Прощался кто-то надо мной.
И отраженья трепетали.
И облака не пробегали
по глади слова ледяной.
И с притемнённой стороны
стекла таинственной природы
скользили демоны вины,
кружились ангелы свободы.
Шли целокупной целиной.
И чьи-то тени обретали
покой за скобкой ледяной
и тьму в бездонный свет бросали.
Лучились комья тишины
в горсти у звёздного безмолвья;
и свет стоял у изголовья
среди светильников вины.
И страх, с иголкой ледяной,
всё полагал, что берег лучший
такой же, как и я, заблудший,
прощённый собственной виной.
Но почему не плачешь ты,
не слышишь, что в огне открылось,
как погружаются персты
незрячие во тьму, в немилость.
И приглушая в бездне дрожь
необозримого мерцанья,
ты понял ангельскую ложь,
что не безмолвье, а молчанье.
от нас глухонемая кровь
позор свой прячет сокровенно
неразделённую любовь —
и та, за кромкою, мгновенна.
И не меняется ничто
в порывах безглагольной речи
за кромкой молчаливой встречи
с безмолвьем, что глядит в окно.
ПОСТРОЕНИЕ РИФЕЙСКОГО ЛЕЖБИЩА ПИРАМИД
A
Пересмешник огня, заплывающий в мёртвое небо,
как пилотный проект; расцвела там ничья пустота
пирамидой огня изо льда. Крылатая форма набега
из горсти твоей тихой изъята; и форма погоста проста.
В черневе пирамиды трепещет ухмылкой багровой
рукописное солнце в наплывах чернильных страниц;
цельбоносного ужаса ночь — на бумажном носителе крови,
и судьбы приговор под нулёвку стригущих ресниц.
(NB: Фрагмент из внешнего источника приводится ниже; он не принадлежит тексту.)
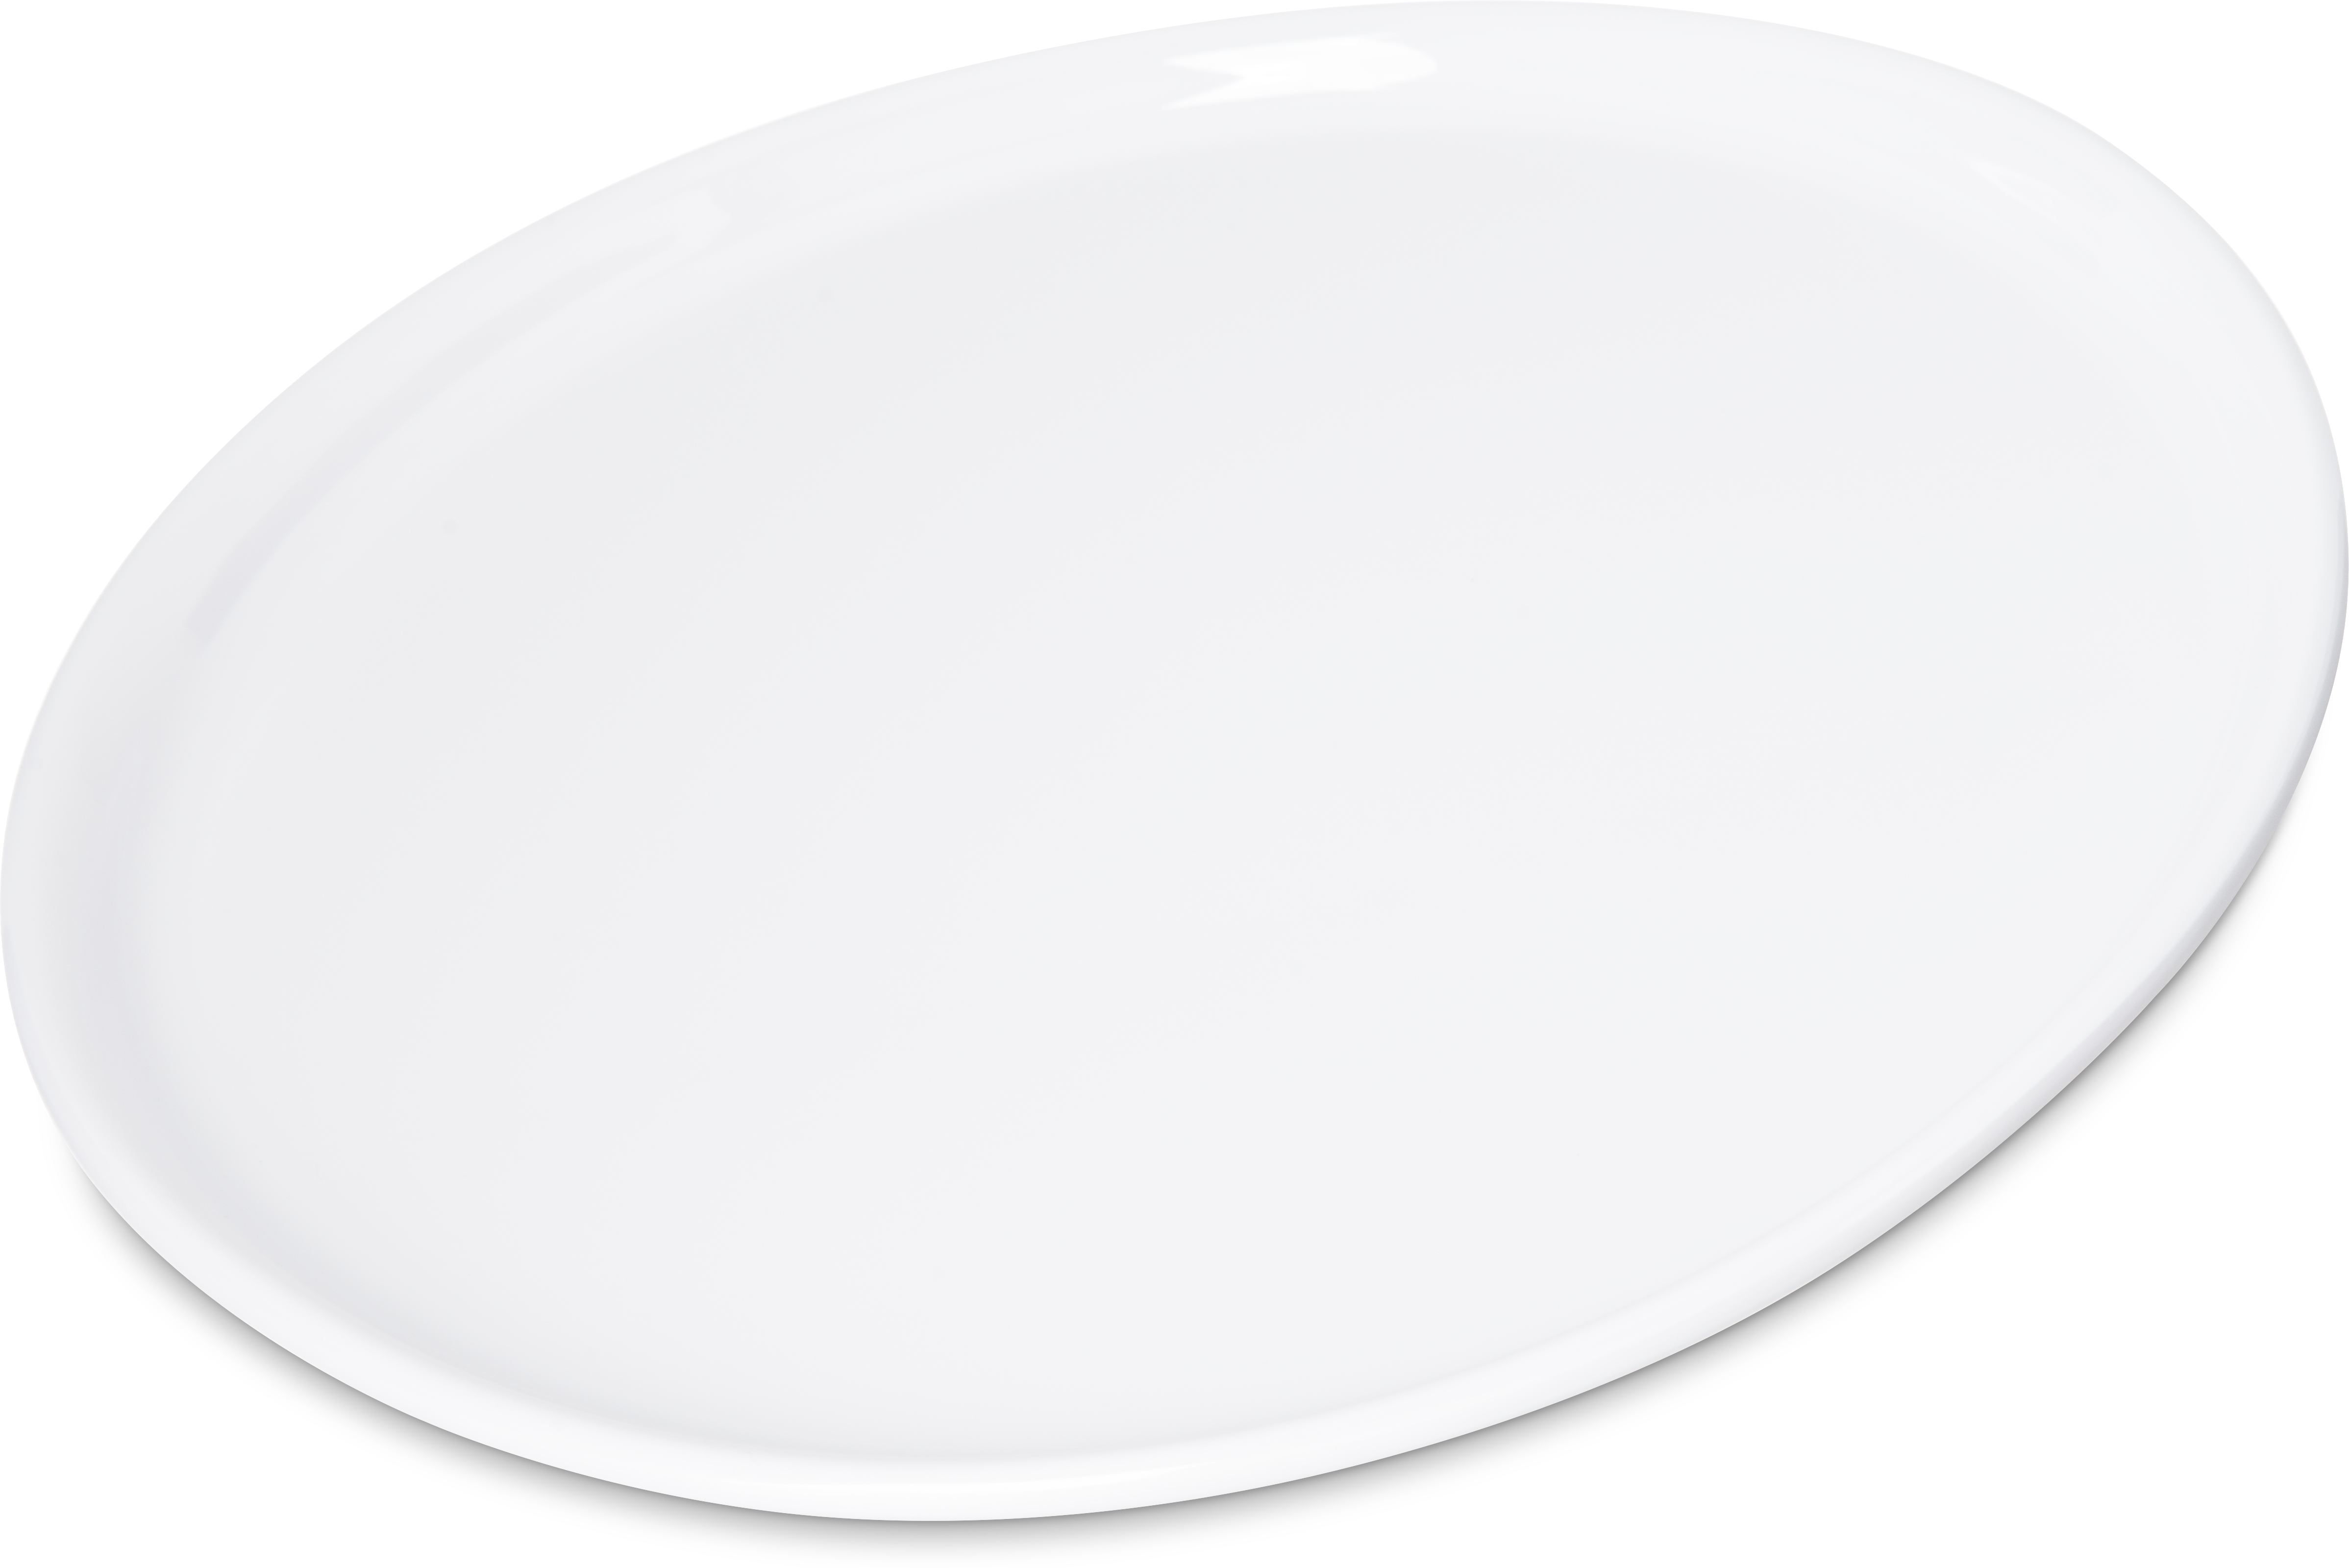 Stadia Melamine Salad Plate 9 - White

Хоть шаром покати в летаргической спячке рассвета;
глубоко в катакомбах идёт дорогая работа теней.
Знает волчья моча, в чём исход ледяного банкета,
потайные ходы разрыдавшихся кривдой кровей.
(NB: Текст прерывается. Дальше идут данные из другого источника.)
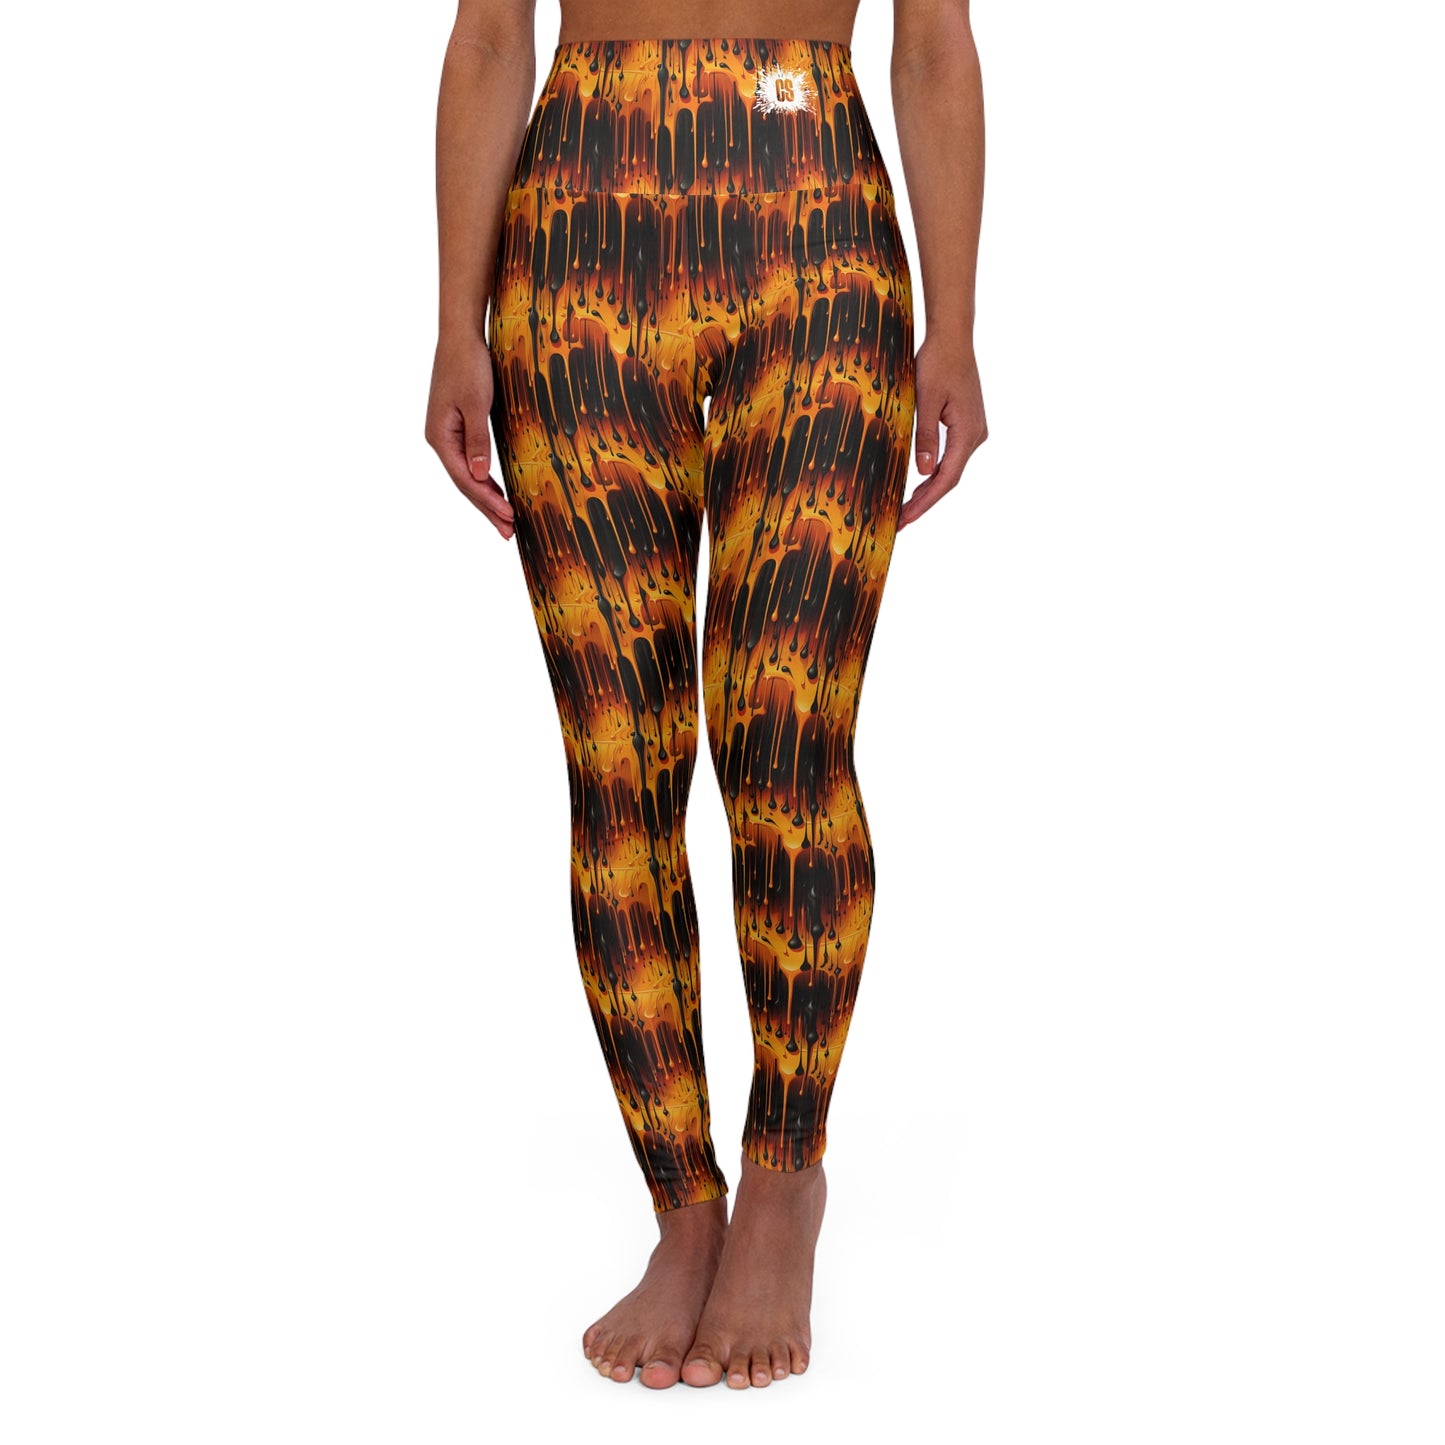 Orange & Black Dripping Paint High Waisted Yoga Leggings

Глубже смерти проспись на высокой рифейской перине.
Ветра стёсанный шар накатил на зимовье пуховых камней.
Пирамида огня недостроена. Ветра нет и в помине,
он себя округлил тишиною забытых полян и полей.
Лёгкий крест из огня раздувается. Скудность равнины.
Ветра шар недвижим, и трепещут становья огней.
Пирамида огня недостроена. Тьма и правёж на вершине,
когда солнце забито по глотку камнями, глотая Рифей,
и цветёт пустота, притесняя приют погорельца;
видно, впору пришлось ей дублёная шкура веков.
И текут в эфиопскую згу небожители и однодельцы
понукать пирамиды воловьей побудкой волов.
Если ярость углов содрогается в сборке увечной,
не учи резидента обломки расчёски смыкать;
кроме как тошноты наизнанку, пирамиде пятиконечной,
с островерхою поступью ребер, некуда больше шагать.
B
В Междуречье — ты царь, а в межзвёздье — твой крик затуманен веками,
мерзлотой нелюбви, где по-птичьи прилёг фараон;
вроде ласточки спит в земляной пирамиде над Камой,
в пирамиде железного света, в игольчатой нише времён.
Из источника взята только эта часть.